Materials are used for the thin dielectric layers 102, 102′; 113, 114 which render possible a particularly efficient operation at frequencies below 50 MHz, and in particular at 2.65, 13, and 27 MHz. The layers here have a thickness of less than 100 μm. Very high overall efficacies (of lamp plus ballast) can be achieved with such a coupling structure. This is true in particular for a frequency of 2.65 MHz, for which ballasts are available with more than 90% efficiency.
The following elements and compounds have proved to be particularly advantageous as dielectric materials: the oxides of magnesium, potassium, strontium, barium, scandium, yttrium, lanthanum, rare earth oxides, the oxides of titanium, zirconium, hafnium, thorium, niobium, tantalum, chromium, aluminum, and silicon, as well as the nitrides of aluminum, gallium, indium, and silicon, or the oxynitrides thereof, as well as dielectric sulphides or selenides. Combinations of these materials are also possible such as, for example, MgTiO3 (εr=12), CaTiO3 (εr=168), SrTiO3 (εr=300).

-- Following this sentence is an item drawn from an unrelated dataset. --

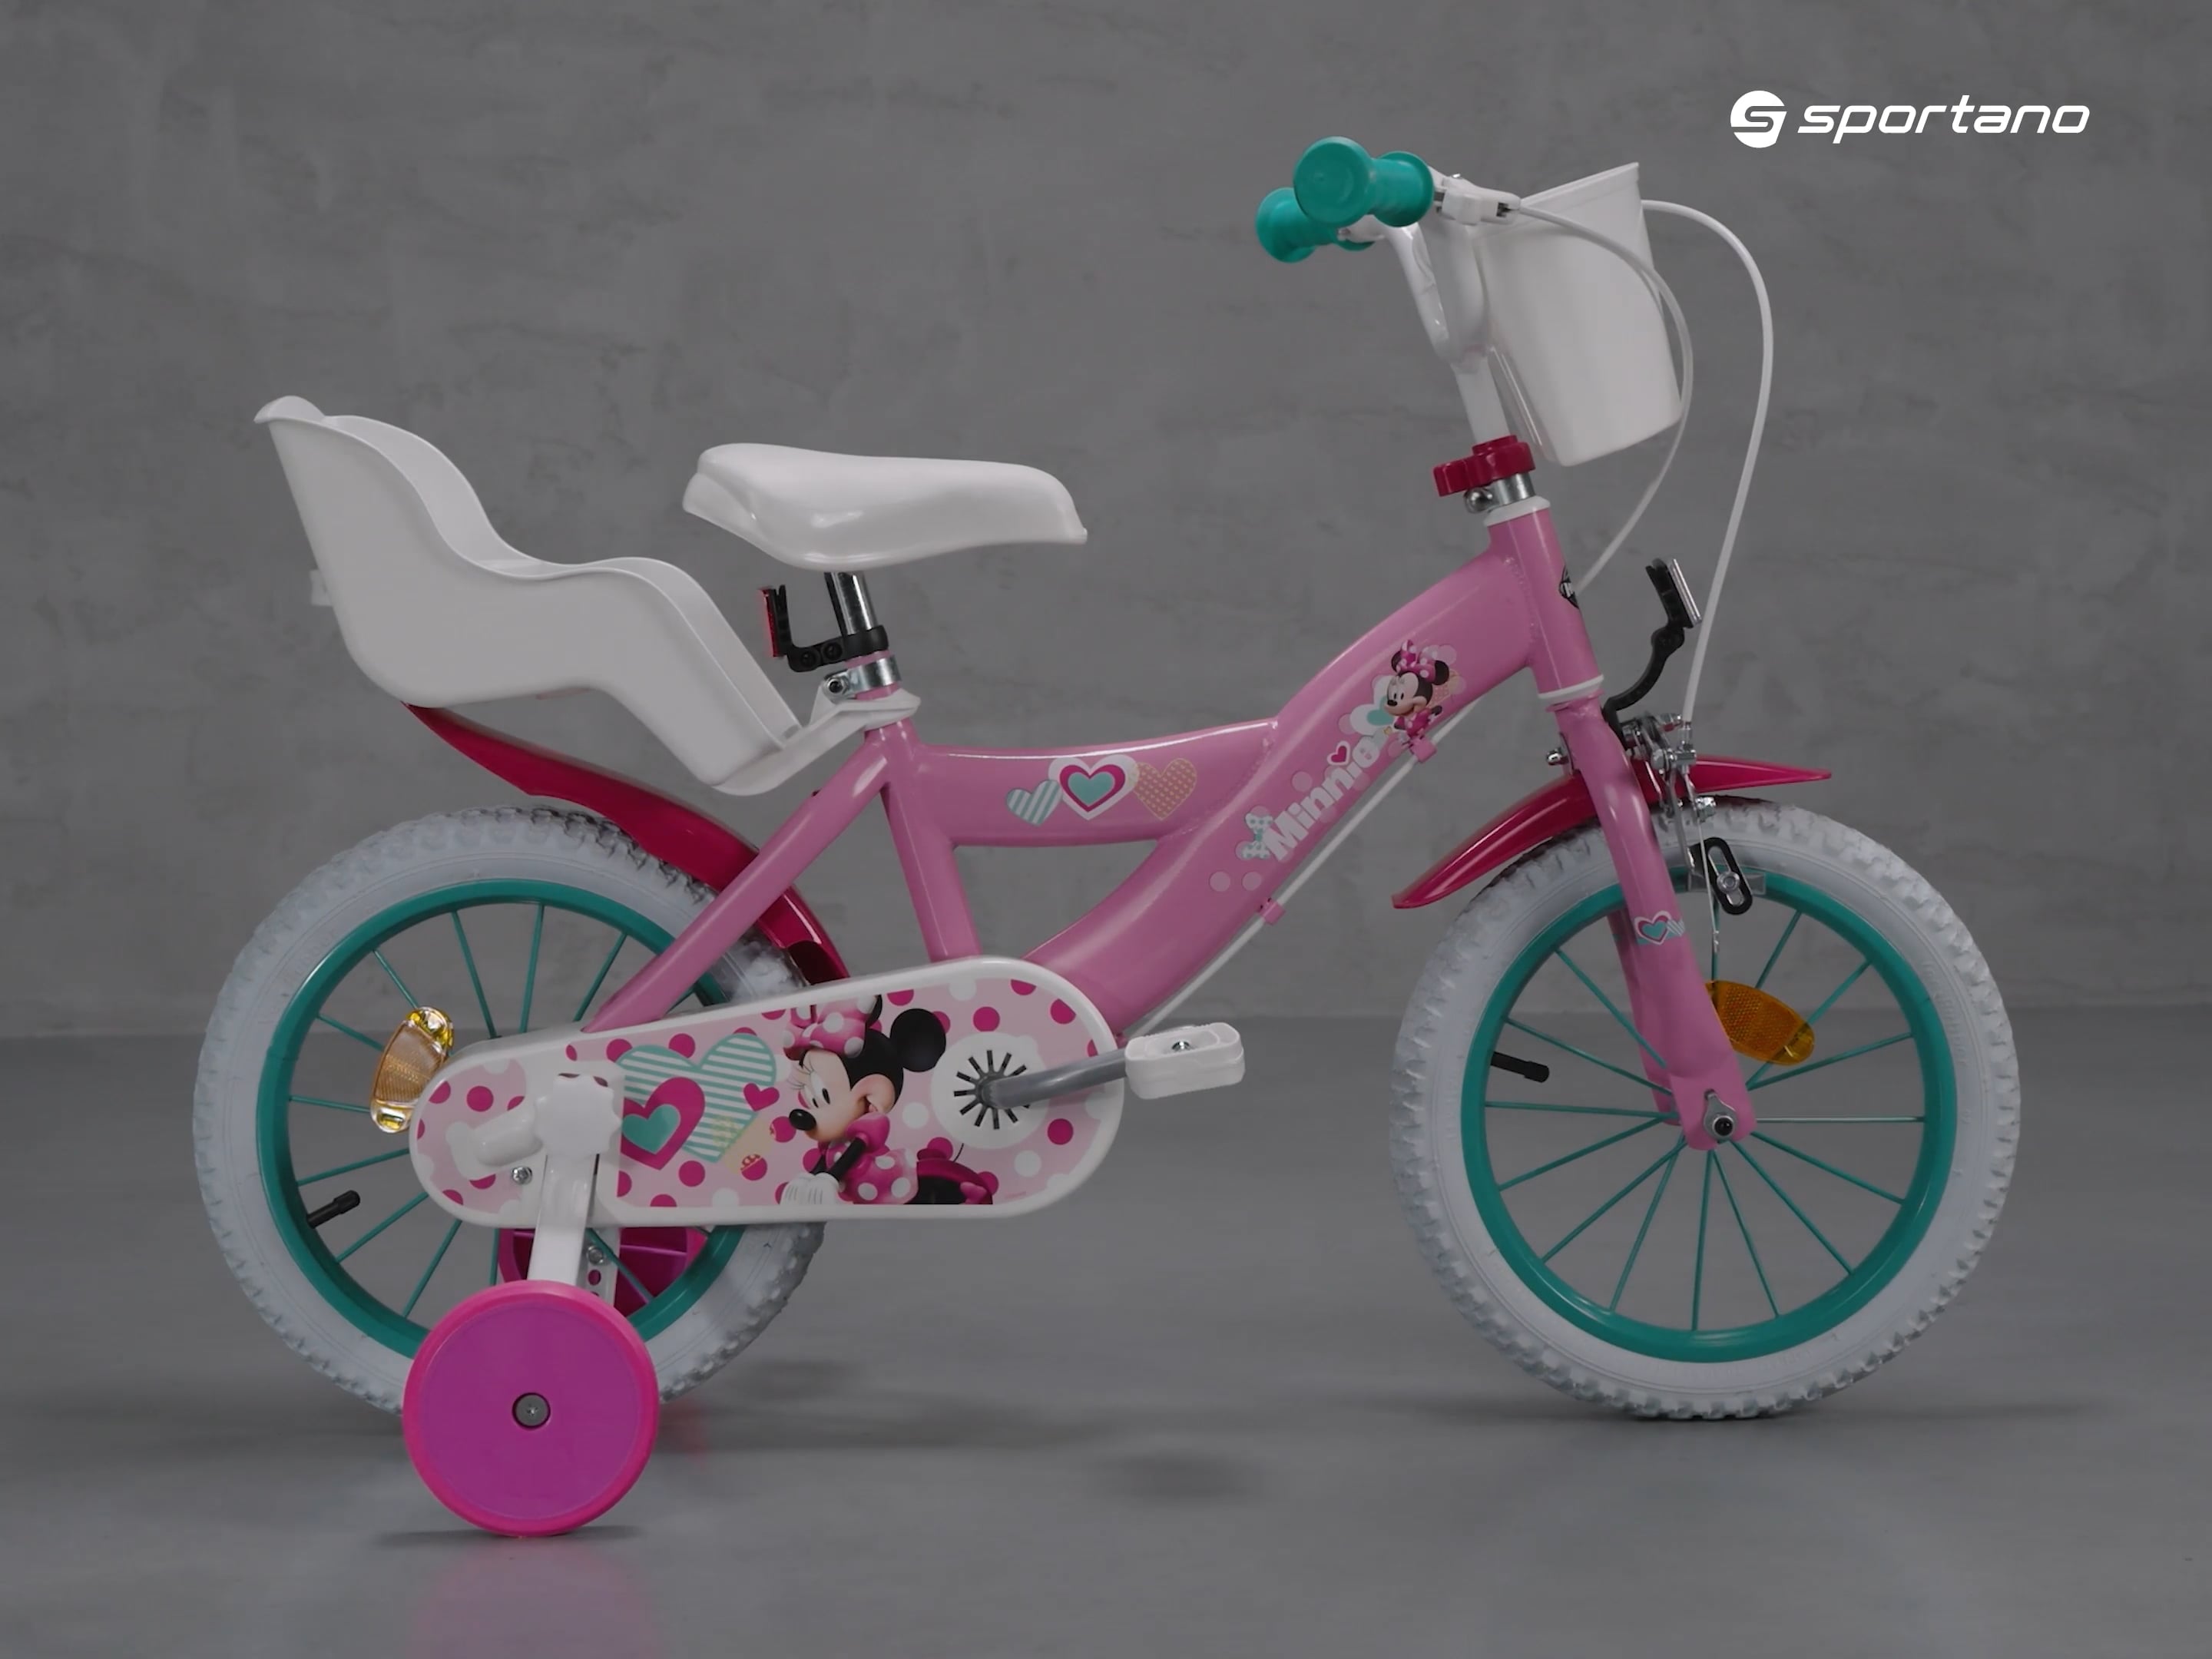 Huffy Minnie bicicletă pentru copii roz 24951W

Table 1 below lists a plurality of dielectric materials with their boiling points, which are a measure for the temperature resistance, their dielectric constants εr
, and the coefficients of thermal expansion α:
|TABLE 1 |
| ||Boiling point ||Dielectr. const. || |
|Dielectric: ||[K]: ||εr: ||Coeff. of exp. α [10−6 1/K]: |
|MgO ||3873 ||9, 7 ||14 [293-1673] |
|CaO ||3773 || ||13, 7 [293-1673] |
|SrO ||3300 |
|BaO ||2300 |
|Y2O3 || ||13 ||9, 3 [273-1273] |
|La2O3 ||4473 |
|CeO2 ||3500 ||15-26 ||8, 5 [293-1273] |
|rare earth ox. ||3000-4000 || ||typically 8-10 [293-1273] |
|TiO2 ||3200 ||80-90 ||7-8 [293-873] |
|ZrO2 ||4573 || 8-12 ||8 [473-1353] |
|HfO2 || ||12 ||6, 45 [293-1973] |
|ThO2 ||4673 || ||9, 5 [293-1673] |
|VO2 or V2O5 ||3300 or 2325 |
|Nb2O5 ||3200 ||280 |
|Ta2O5 || ||22 ||2, 8 |
|Cr2O3 ||3273 || ||9, 6 [293-1673] |
|Al2O3 ||3253 ||10 ||8 [293-1673] |
|SiO2 ||2250 || 4 ||0, 5 [293-1523] |
|AlN ||2300 ||8, 5 ||4-5 |
|Si3N4 || || ||2, 4 |
|CaS || || ||17 |
It should be heeded in the choice of materials that they should have as high as possible a dielectric constant and a temperature resistance sufficient for the lamp in question.

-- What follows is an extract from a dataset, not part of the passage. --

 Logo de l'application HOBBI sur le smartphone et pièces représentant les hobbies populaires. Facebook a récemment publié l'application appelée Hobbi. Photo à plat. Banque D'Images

In addition, the coefficients of thermal expansion of the metal rod or the metal foil and the dielectric material must substantially correspond, because otherwise there will be a risk of cracks arising in the dielectric layer.

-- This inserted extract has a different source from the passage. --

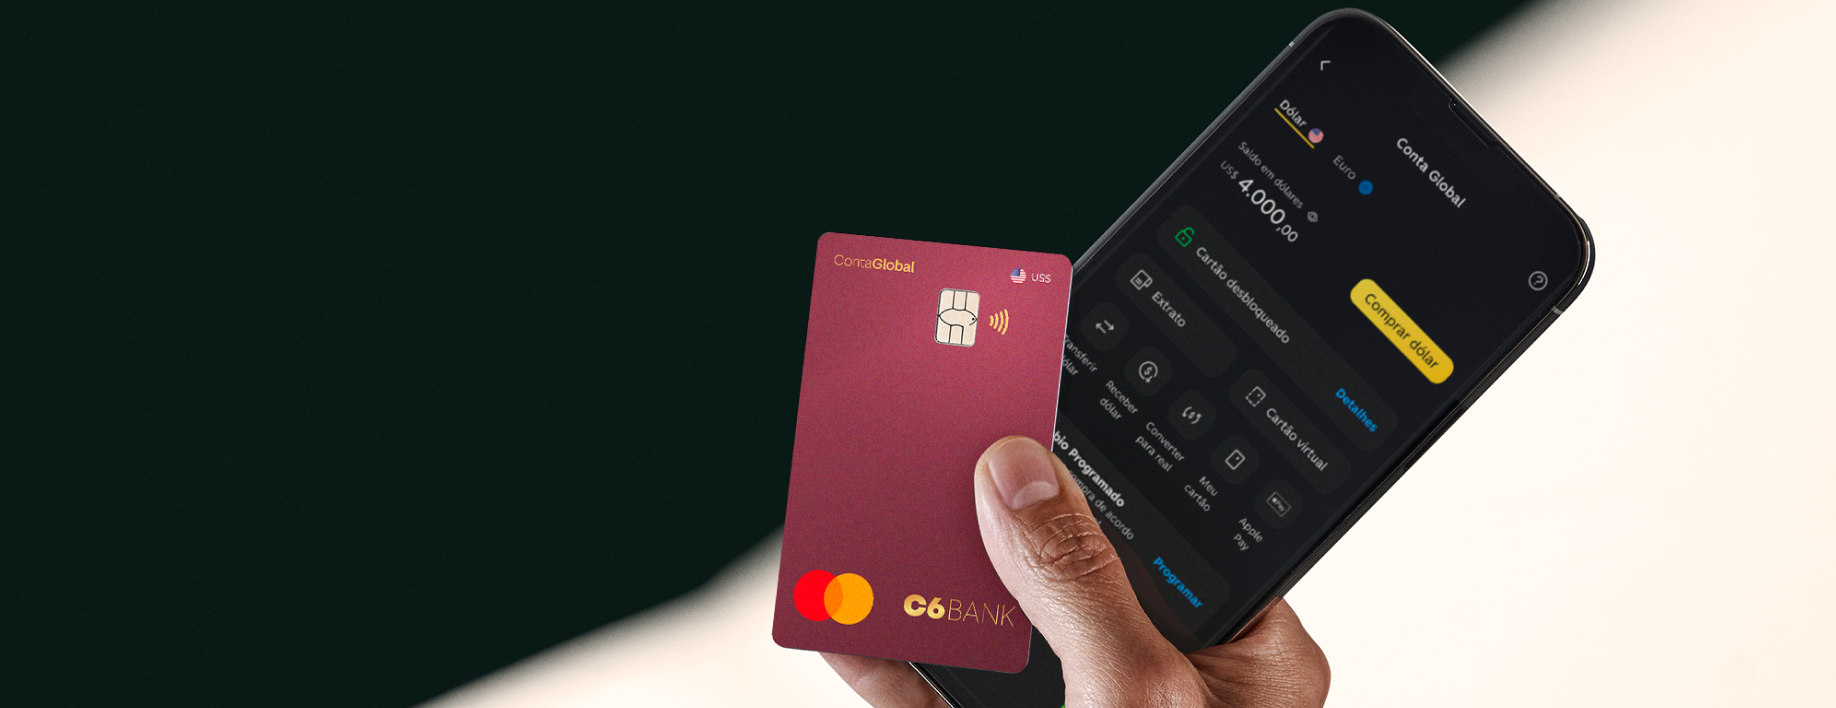 Foto de uma mão direita segurando um celular com app C6 Bank aberto na tela de Conta Global e um Cartão de Débito Internacional vinho

In addition, the material of the dielectric layer 102, 102′; 113, 114 and of the metal rod 101, 101′ or metal foil 111 must fulfill the condition that the coefficient of thermal expansion averaged over temperature corresponds approximately to the coefficient of expansion of the discharge vessel 1, because otherwise there will be the risk of cracks arising at the transitions between the discharge vessel and the dielectric layer. In this respect, suitable wall materials for the discharge vessel were found to be, besides quartz and densely sintered aluminum oxide (Al2O3), AlN and YAG (Y3Al5O12).
Table 2 lists a few material combinations for the wall of the discharge vessel 1
, the dielectric layers 102
, and the metal of the metal rods 101
′ or the metal foil 111
, which are advantageous as regards the highest possible similarity of coefficients of thermal expansion.
|TABLE 2 |
|Wall material: ||Dielectric: ||Metal: |
|PCA = Al2O3 ||Al2O3 or all dielectrics with a ||Nb or |
| ||coefficient of expansion averaged - ||Pt, Ta, Re |
| ||over temperature of approximately |
| ||8 * 10−6 1/K such as: |
| ||TiO2, Y2O3, ZrO2, HfO2, CeO2, ThO2, |
| ||Cr2O3, and rare earth oxides |
|Quartz ||Ta2O5 or SiO2, or Si3N4 ||thin foil of |
| || ||Mo or W |
|AlN ||AlN or mixtures of HfO2 and Ta2O5 ||Mo or W |
The risk of damage caused by differences in expansion of said parts is substantially excluded with these material combinations also at very strong temperature fluctuations.